None of this stopped Naimoli and his overeager partners from drooling with envy. Emboldened by the Diamondbacks’ success, the Devil Rays’ owners approved a $60 million budget for the 2000 season, up nearly $25 million from the year before. The GM had his marching orders: sign brand-name players who will not only win games but also put butts in the seats. Now. The problem with that plan was the horrendous timing. The free-agent market was paper-thin that off-season. “You had John Olerud, you had Greg Vaughn, and you had Gerald Williams, okay?” LaMar said.

Bad talent market or not, the Devil Rays pressed on. LaMar acquired Williams, Vaughn, and power-hitting third baseman Vinny Castilla, the three pickups joining a lineup that already included Tampa native and original Devil Ray Fred McGriff and injury-prone
powder keg Jose Canseco. The D-Rays dubbed their new lineup “the Hit Show.” For the first time, the team got significant national media attention for their on-field product. Few pundits thought the ploy would work. In baseball as in business, quick fixes rarely do. But the Devil Rays’ owners were happy to see the team finally getting attention. Happier still were the new additions.

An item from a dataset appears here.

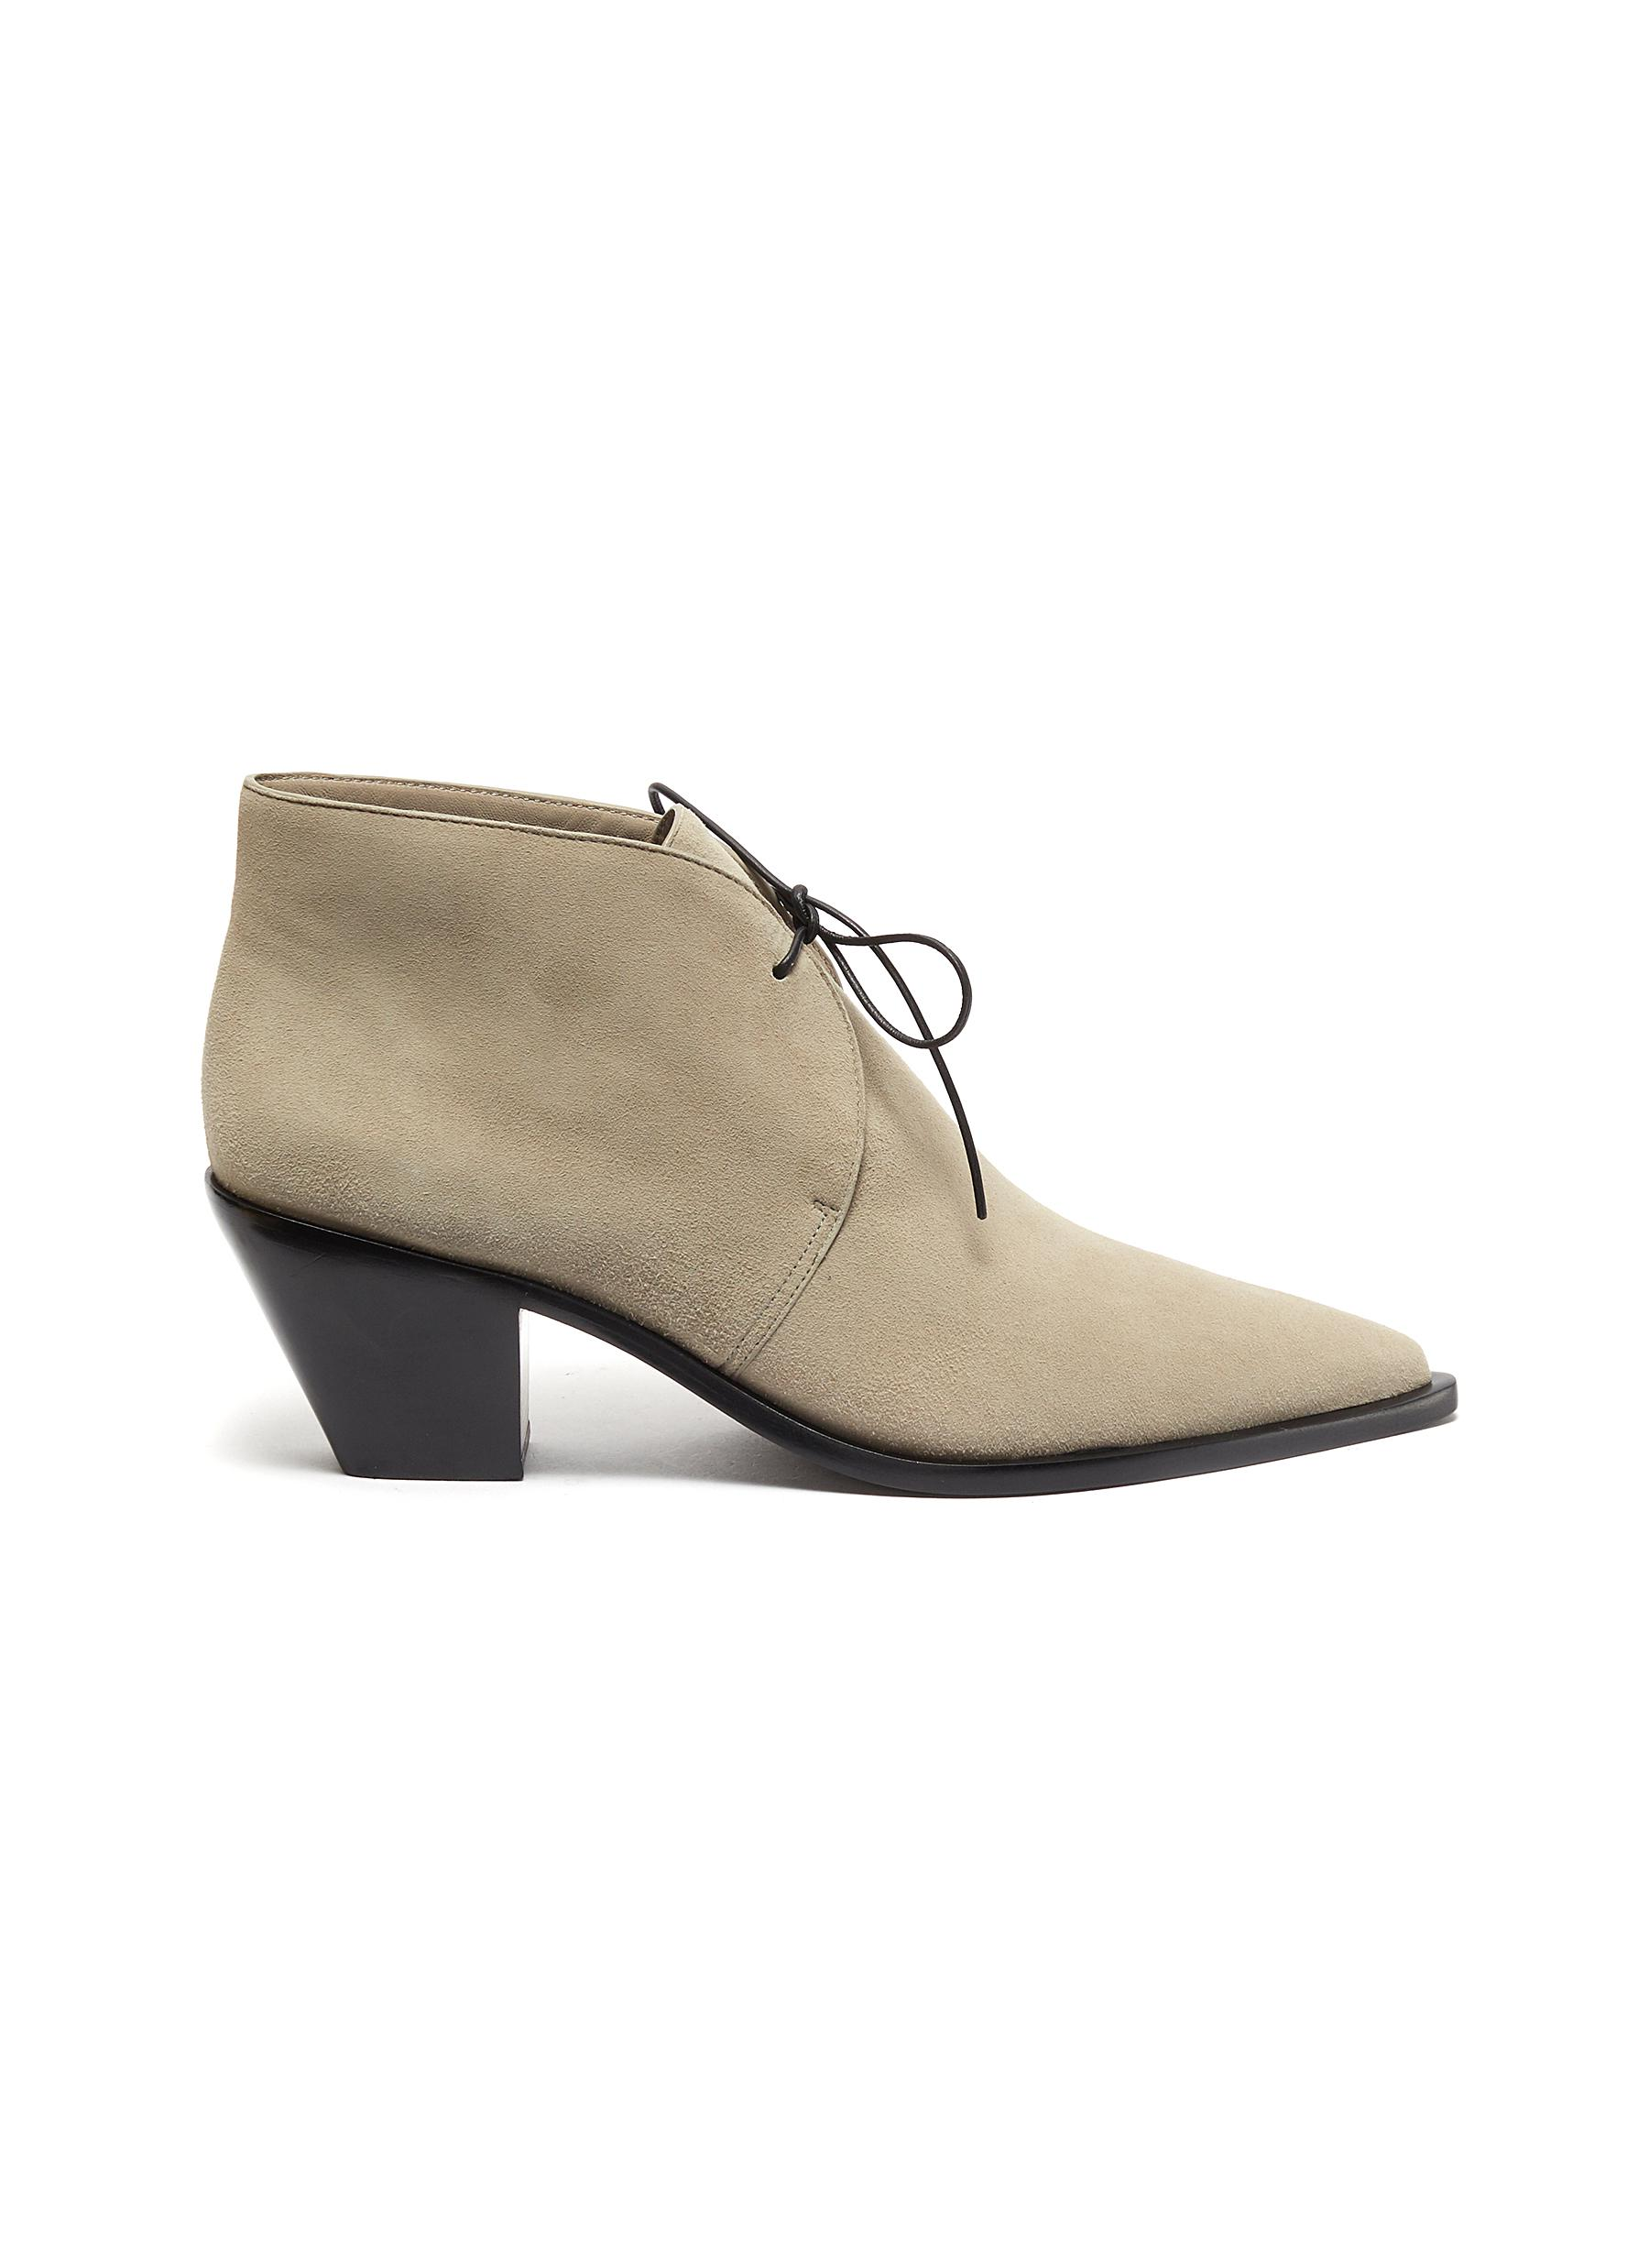 Mercedes Castillo Boots Karington suede ankle boots

“They want to win,” Vaughn said upon signing with the Rays. “They want to win now. They don’t want to wait. You couldn’t ask for a better situation.” Indeed, the thirty-four-year-old Vaughn couldn’t have asked for better than a contract that would pay him $34 million over four years, given the sky-high attrition rates of plodding, mid-thirties sluggers with no discernible baseball skills other than power.